Reason #5:  The ER is the most honest place I have ever worked, with a large caveat:  it is a deceptive honesty.  It is a brutal, painful honesty that is meant to deflect and protect the doctors and nurses who deal with life’s ugliness on an hourly basis.  For example, when giving report, a nurse might say, “The patient in room 5 is from Generic Name Nursing Home, here with a fever and UTI.”  Other nurse: “How old is she?”  “Oh, I don’t know, she’s old.  Like, she’s made of dust.”  What that nurse really means is, “Please God, don’t let me end up here, having some young girl taking off my bra and catheterizing me for urine.  Please don’t let me be old and alone and abandoned.”  And when a nurse refers to an overdose patient as “gorked,” what she’s hiding is a deep and abiding fear that this young kid laying before her with scrambled eggs for brains could be one of her children.  And you just can’t face it.  So you squeeze your eyes tight and tell yourself that you don’t work in reality, that not everybody ends up a medical disaster.  But there is always a small part of you that doesn’t believe it.  This is why, when a nurse is taking care of a “total,”*she tells her co-workers in a calm, matter-of-fact voice that if she ever ends up in the ER trached-vented-PEGged,* please put a pillow over her face, snow her with all the narcotics known to man, or somehow manage to “accidentally” disconnect the ventilator.  We exaggerate the truth in order to hide it, we put a smiley face on hideous situations and cross our fingers that they won’t happen to us.  We take a deep breath and move on because we have to, because if we didn’t we’d have a psychotic episode or wind up in a catatonic state, sucking our thumbs and clutching the call bell like it was our child.  And then they’d admit us, send us to the psych ward.  And the nurse giving report would simply say, “She’s crazy-cakes.”

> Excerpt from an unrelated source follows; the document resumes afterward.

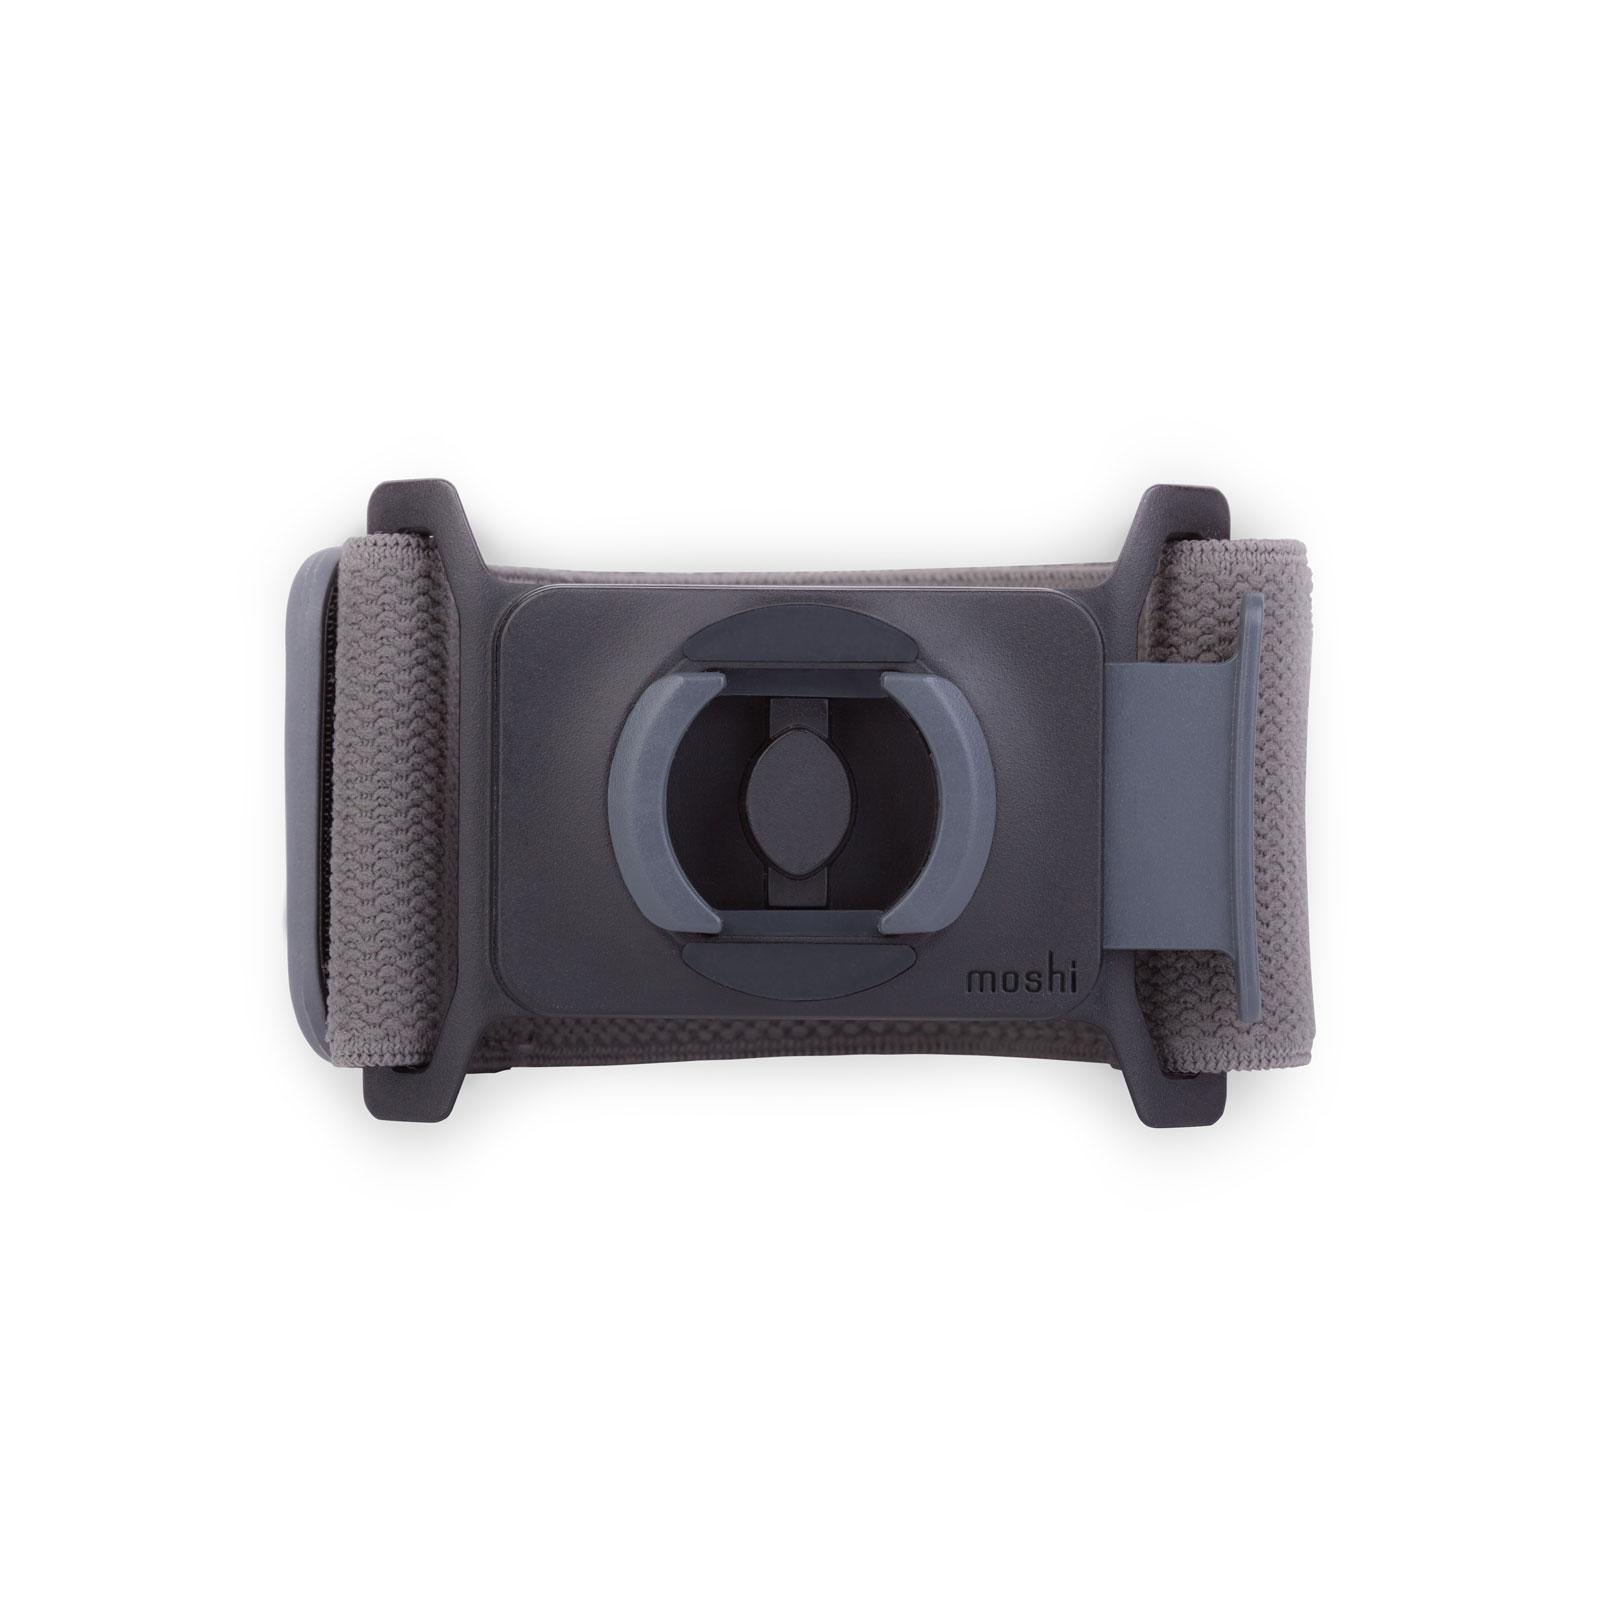 Armband for Endura-image

*…can’t breathe:  Classic symptoms of Congestive Heart Failure.  It’s gonna take too long to explain that here, just suffice it to say that your heart sucks, your legs swell, and your lungs get full.  And, you’re probably gonna die sooner rather than later.

*”total”:  A patient who requires TOTAL care.  As in, a machine to breathe for them, a tube to feed them, and bags to collect their urine and stool.

*trached-vented-PEGged:  See above.  To simplify it down to ER-speak: your body hates you.